STORED DATA section start

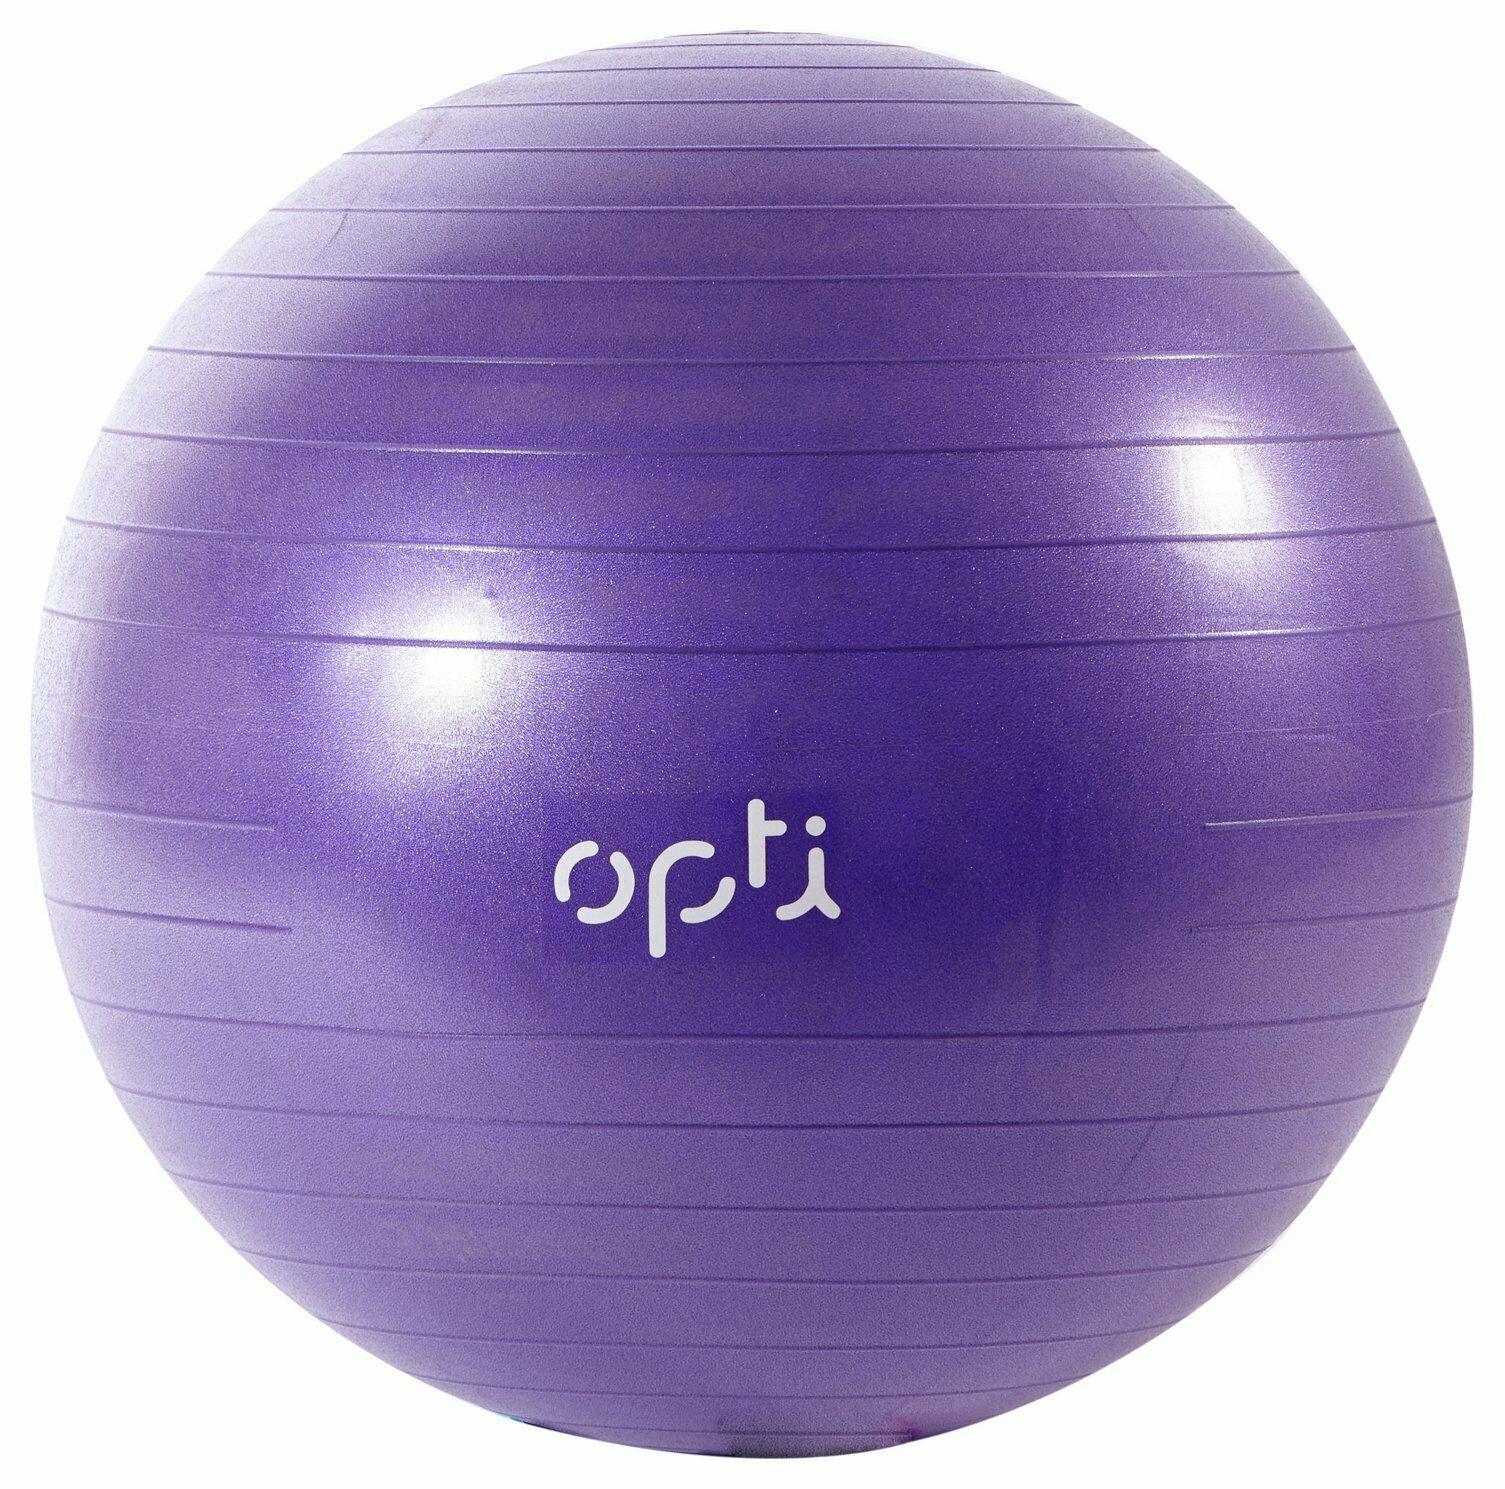 Opti Purple Gym Ball - 65cm - £7.19 (+£3.95 delivery) @ Argos
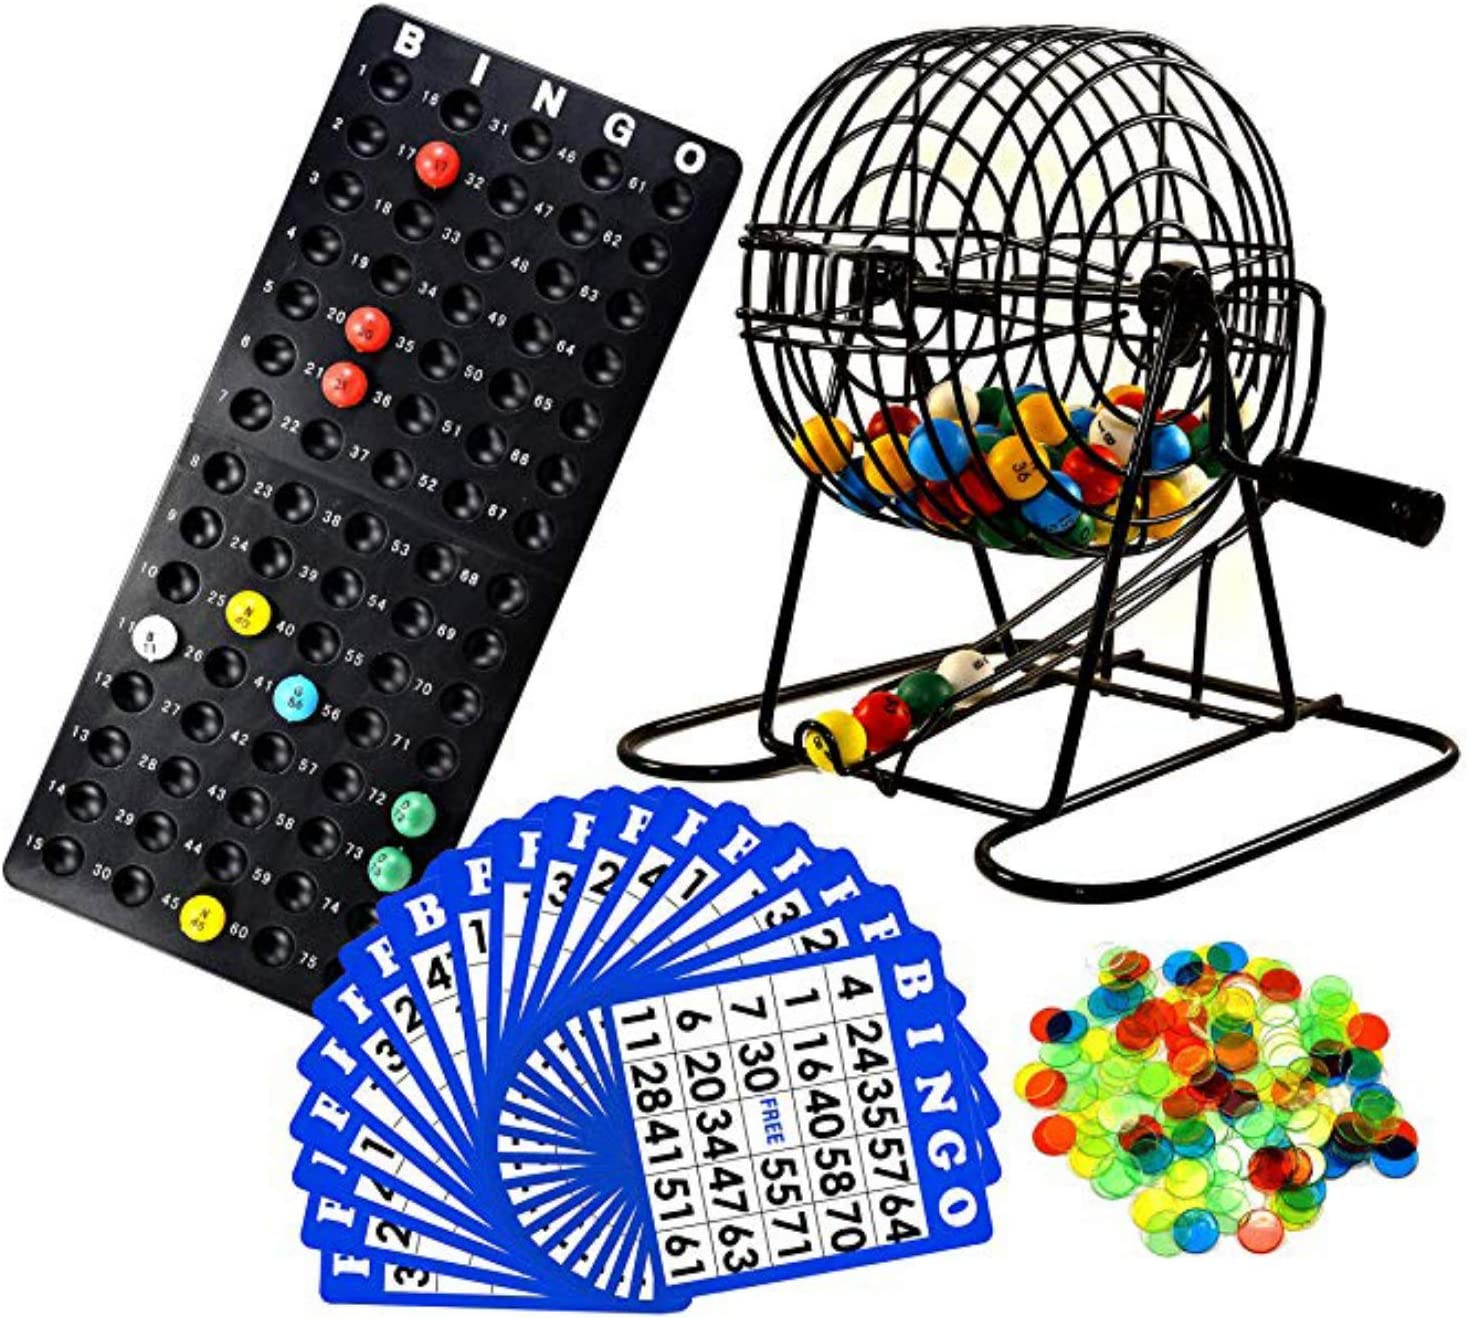 Vintage MiD-CENTURY BINGO CAGE w Wooden Numbered Bingo Balls Bingo Ball Cage Gold Wire Bingo Cage with Hand Crank /& Red Plastic Trim
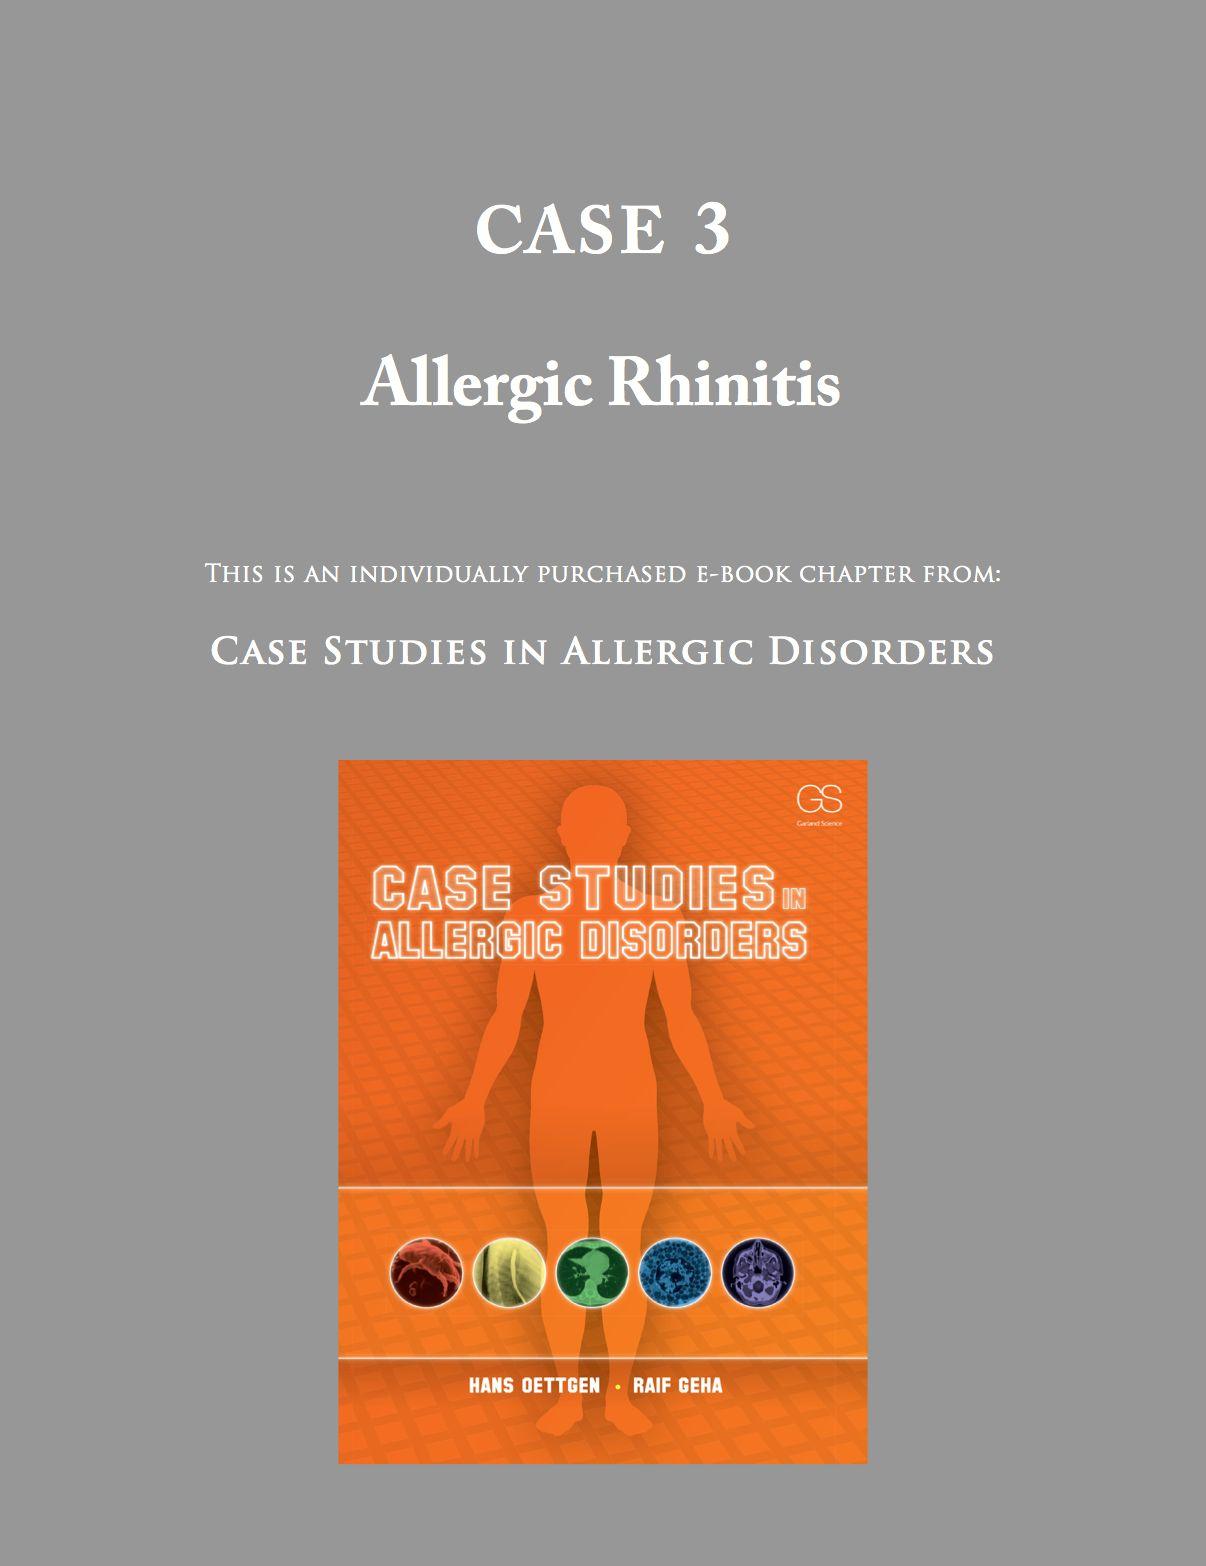 Allergy - Wikipedia

STORED DATA section end

**WHAT THE EXERCISE ASKS**
Restate the listing word for word. Pictures do not belong in the copy.

**ANSWER**
 Opti Purple Gym Ball - 65cm - £7.19 (+£3.95 delivery) @ Argos
 Vintage MiD-CENTURY BINGO CAGE w Wooden Numbered Bingo Balls Bingo Ball Cage Gold Wire Bingo Cage with Hand Crank /& Red Plastic Trim
 Allergy - Wikipedia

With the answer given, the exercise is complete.